Anyway, it underscores the extent to which the idea of limitless spending facilitated by the Fed is still anathema to many lawmakers. Sure, the current bout of Beltway bickering is part pre-election posturing. And, yes, the bold action undertaken earlier this year suggests that, when faced with a generational economic calamity, even budget hawks will loosen the purse strings if for no other reason than to avoid backlash from constituents.

But deep-seated misconceptions about deficits and debt are as difficult to overturn as beliefs in deities — facts are wholly insufficient in the face of religious zeal.

That, perhaps more than anything else, explains why the scary rhetoric about the inflationary consequences of the current monetary-fiscal policy conjuncture are probably overstated.
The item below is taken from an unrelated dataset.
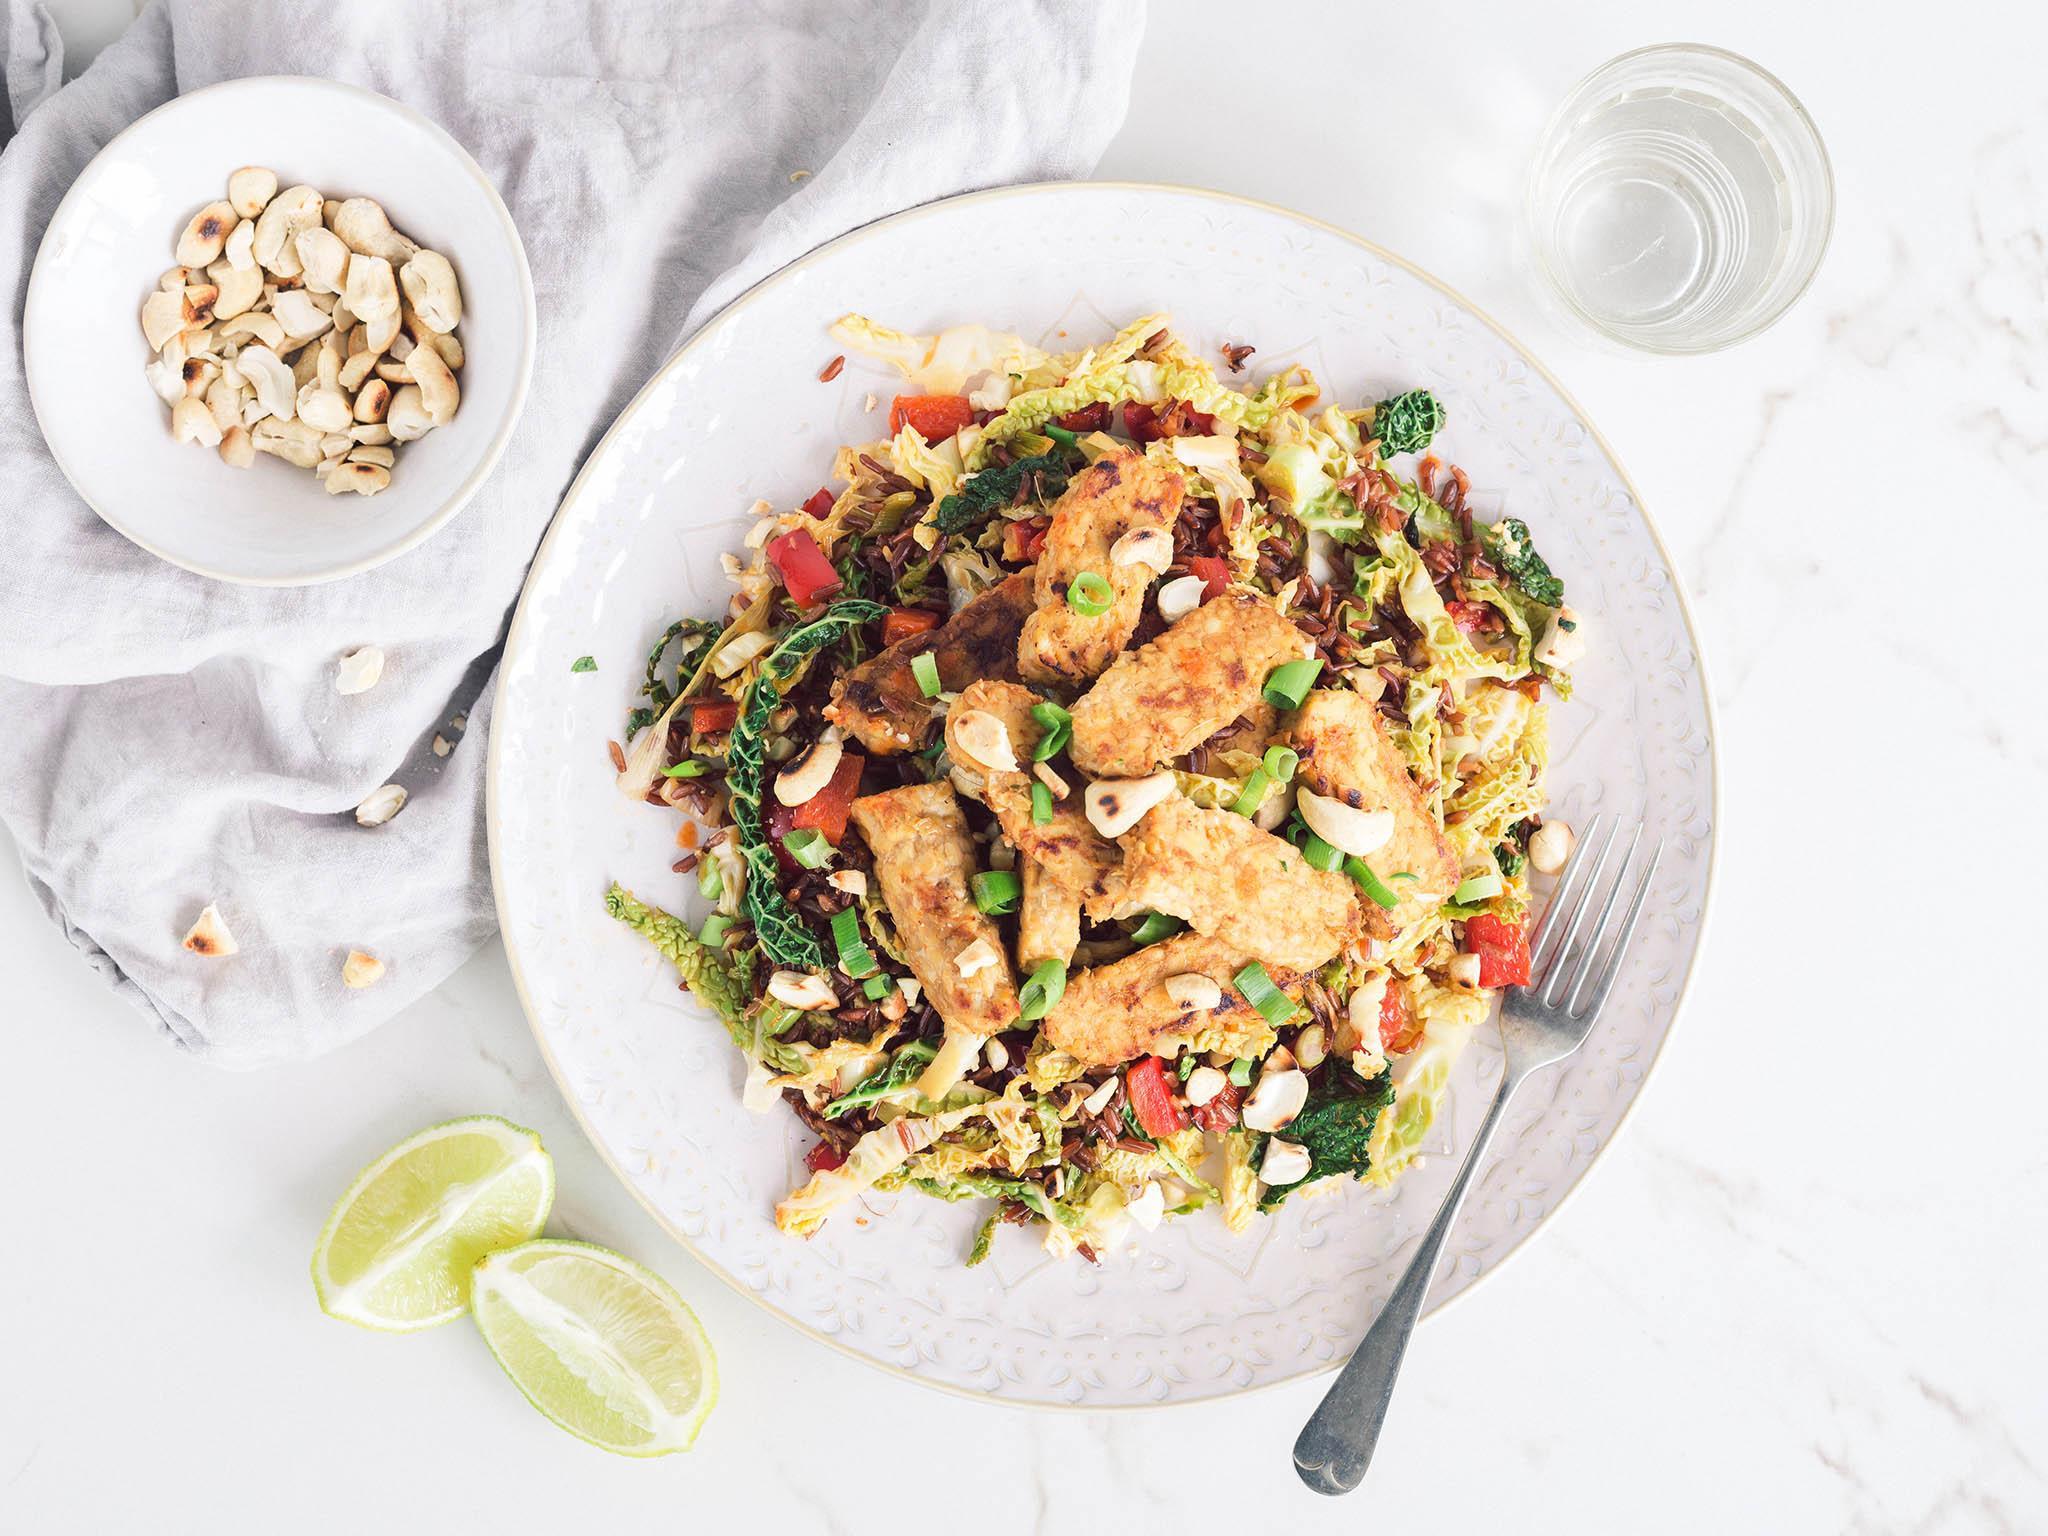 How to make nasi goreng with ginger tofu and red rice 1
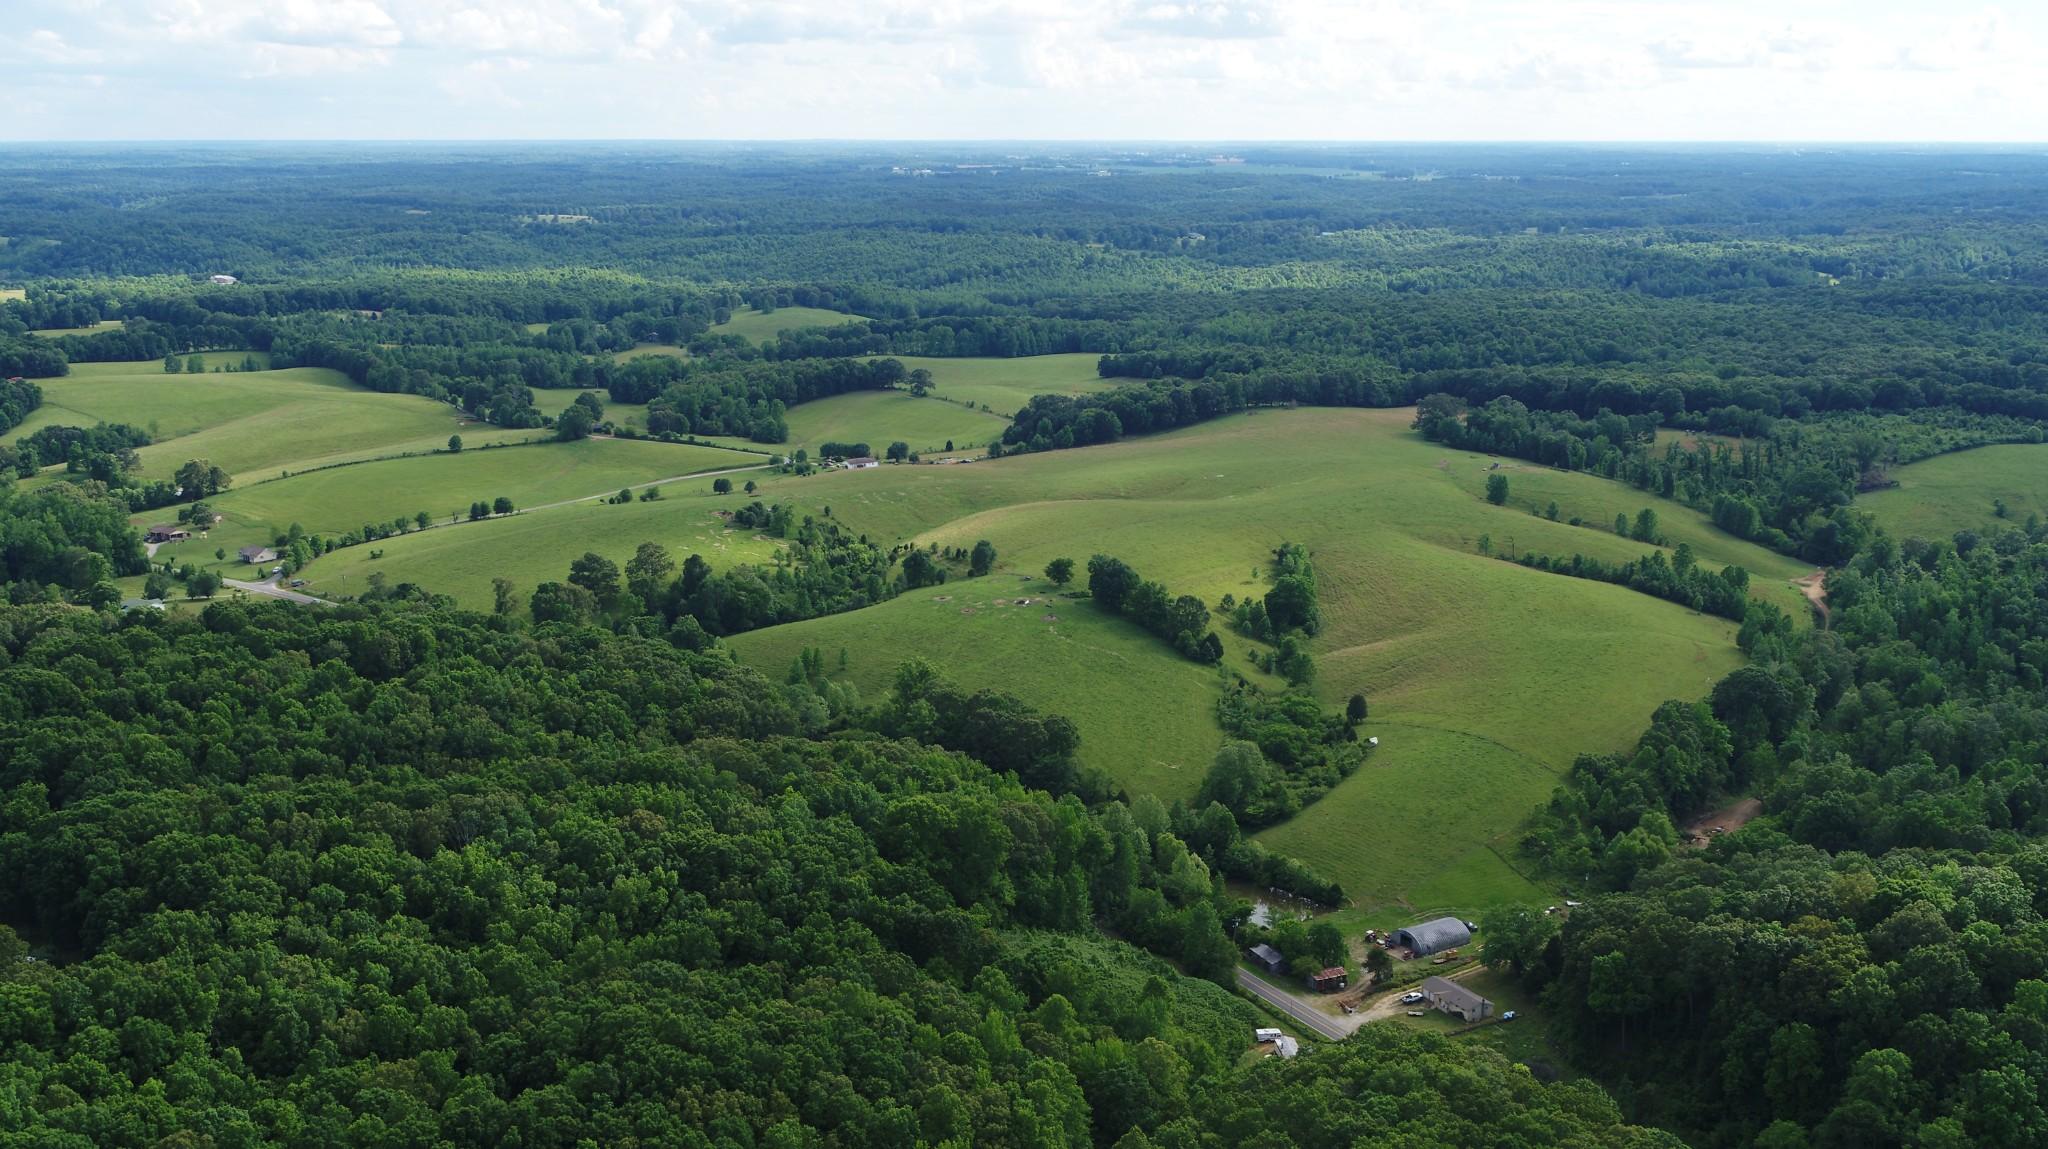 0 Enterprise Road/Tn-166 S, Mount Pleasant, TN 38474 - Mount Pleasant, TN real estate listing

For every Democratic firebrand willing to openly embrace the tenets of Modern Monetary Theory as a policy framework that should operate outside of exigent circumstances, there are (at least) a dozen lawmakers who would never embrace the idea of direct, overt debt monetization.

This underscores why the Fed’s shift to average inflation targeting may ultimately fall flat.

“The Fed’s policy review has been conducted in a more glass-box manner for the past 18 months, and it is unlikely to involve measures any stronger than outcome-based forward guidance”, JPMorgan wrote, in a note out earlier this week. “With no hikes priced until early 2026 anyway, the stimulus value of this policy shift seems small”, the bank added.

When Jerome Powell unveiled average inflation targeting late last month, Stephanie Kelton offered a simple assessment. “So now we sit back and wait to see if Congress delivers”, she remarked.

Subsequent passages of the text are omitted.